(TASK DESCRIPTION):
Reproduce the data exactly and drop any pictures it holds.

--- PROVIDED DATA ---

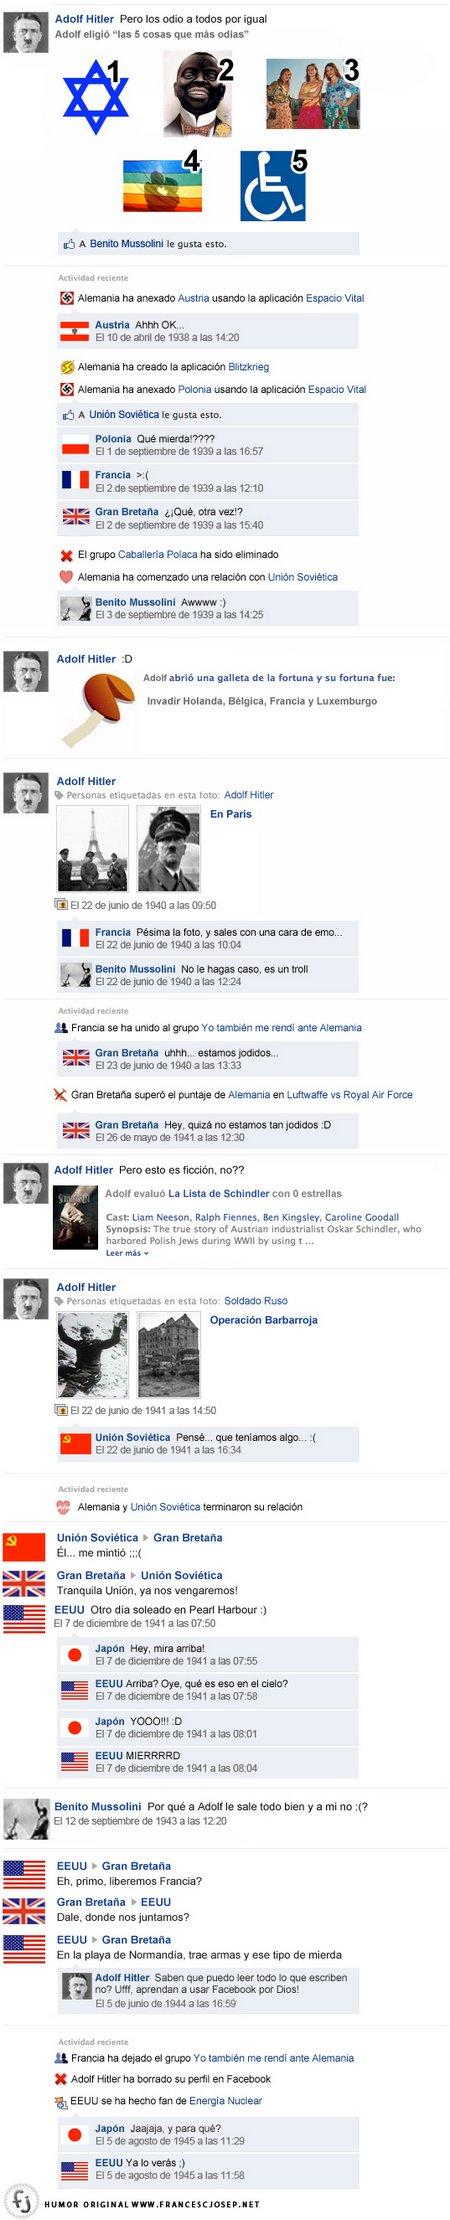 facebookhitler00
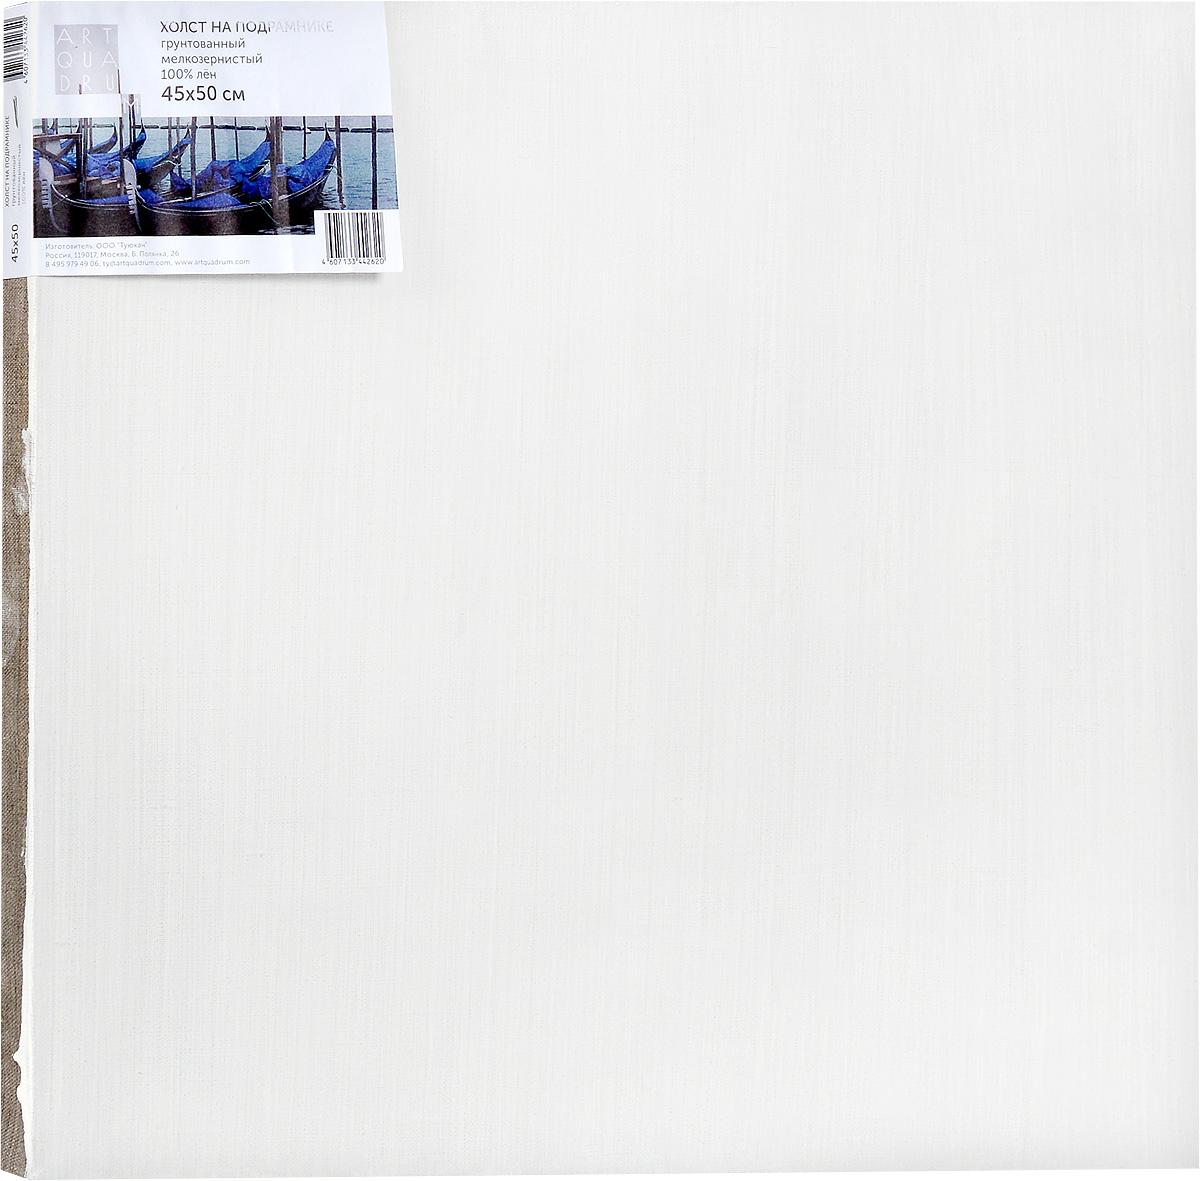 Холст ArtQuaDram Мелкозернистый на подрамнике, грунтованный, 45 х 50 смТ0003837Холст на деревянном подрамнике ArtQuaDram Мелкозернистый изготовлен из 100% натурального льна. Подходит для профессионалов и художников. Холст не трескается, не впитывает слишком много краски, цвет краски и качество не изменяются. Холст идеально подходит для масляной и акриловой живописи.
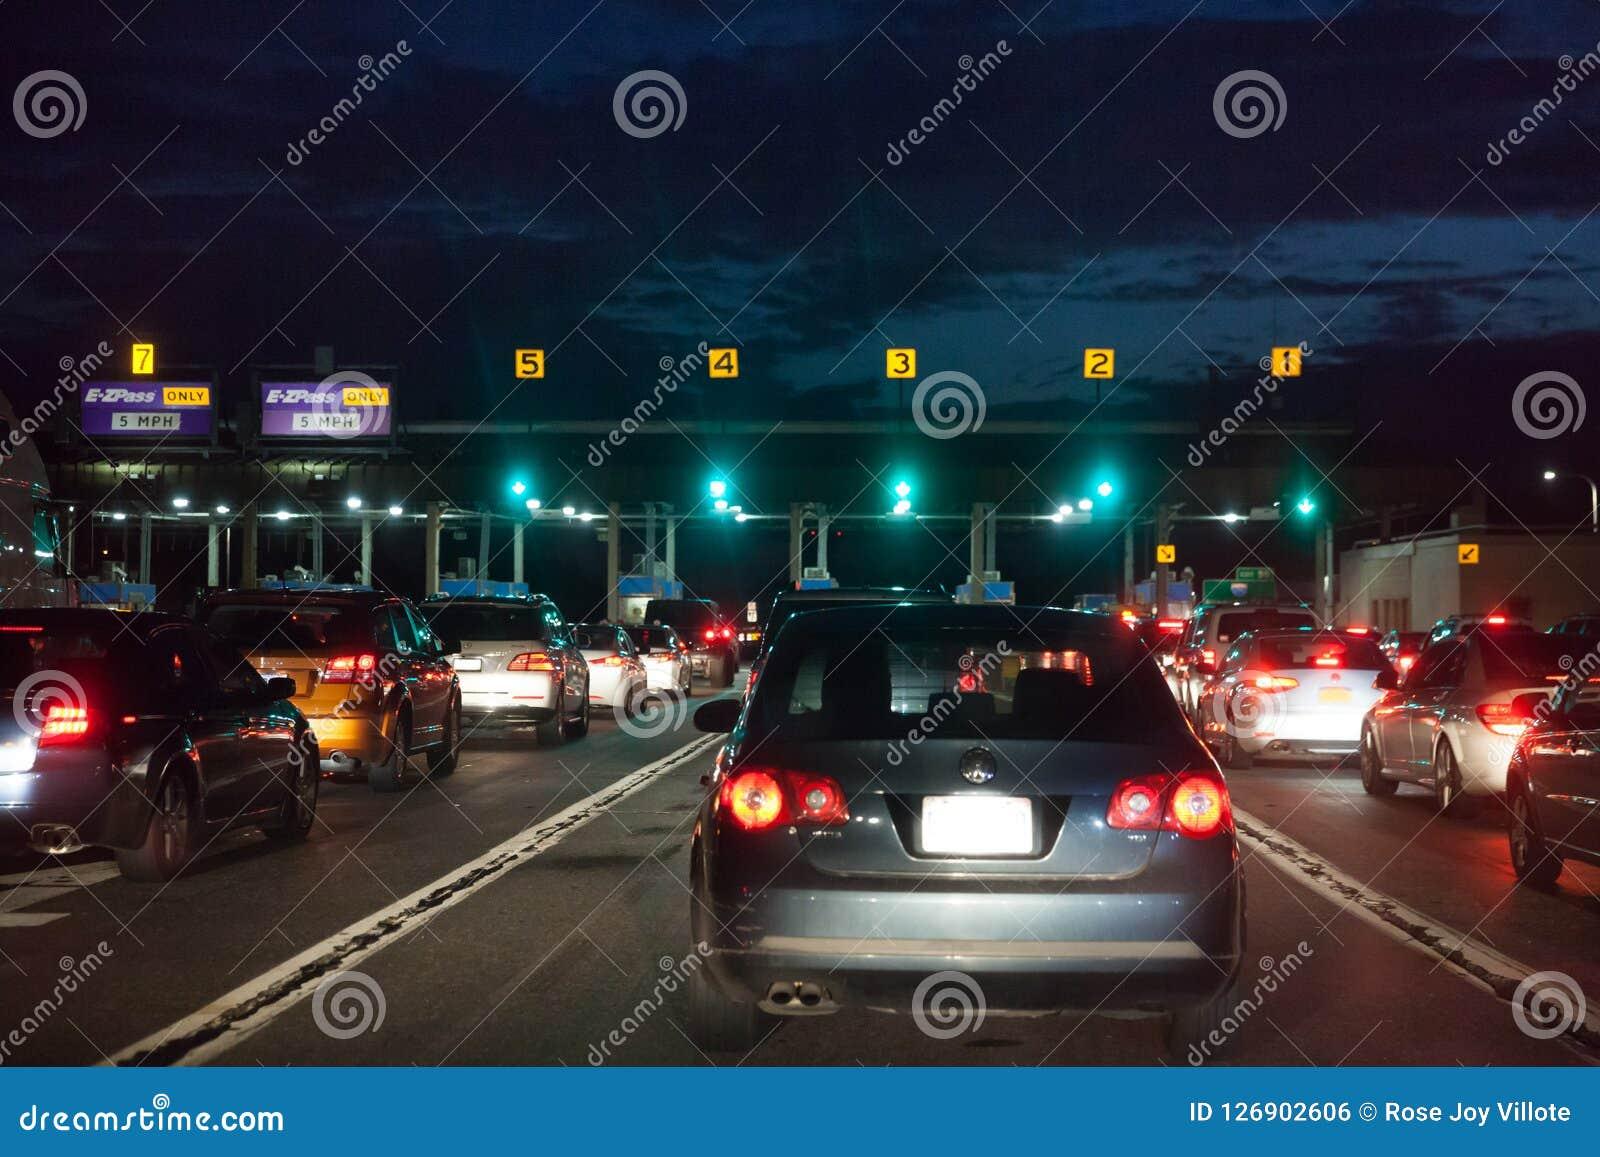 Αυτοκίνητα σε μια διάταξη τη νύχτα στην πύλη φόρου για να πληρώσει για την αμοιβή φόρου
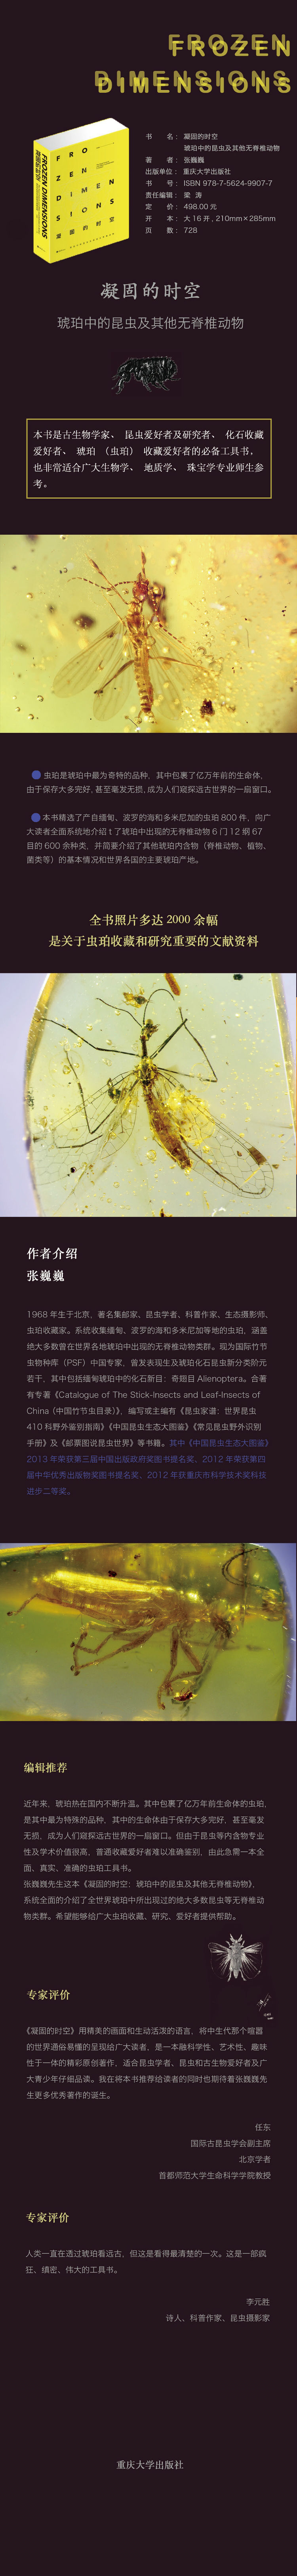 凝固的時空:琥珀中的昆虫及其他无脊椎動物
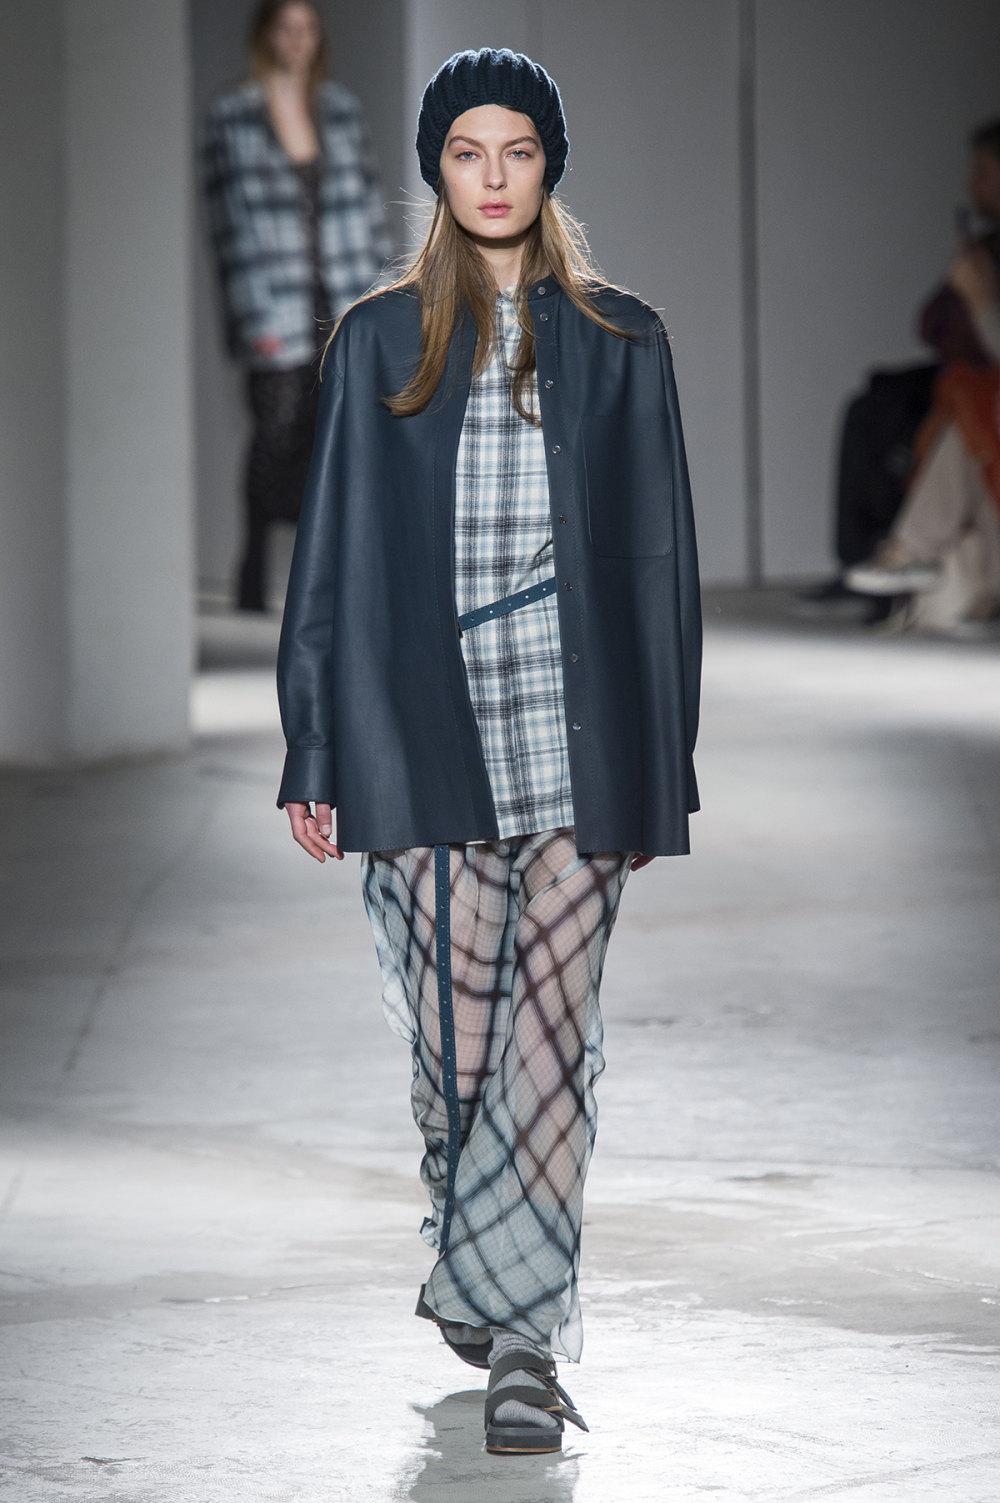 Agnona时装系列有纹理外套长而瘦有些穿着浴袍宽腿裤套装有巧克力-34.jpg

---

(WRITTEN RESPONSE):
 facebookhitler00
 Холст ArtQuaDram Мелкозернистый на подрамнике, грунтованный, 45 х 50 смТ0003837Холст на деревянном подрамнике ArtQuaDram Мелкозернистый изготовлен из 100% натурального льна. Подходит для профессионалов и художников. Холст не трескается, не впитывает слишком много краски, цвет краски и качество не изменяются. Холст идеально подходит для масляной и акриловой живописи.
 Αυτοκίνητα σε μια διάταξη τη νύχτα στην πύλη φόρου για να πληρώσει για την αμοιβή φόρου
 凝固的時空:琥珀中的昆虫及其他无脊椎動物
 Agnona时装系列有纹理外套长而瘦有些穿着浴袍宽腿裤套装有巧克力-34.jpg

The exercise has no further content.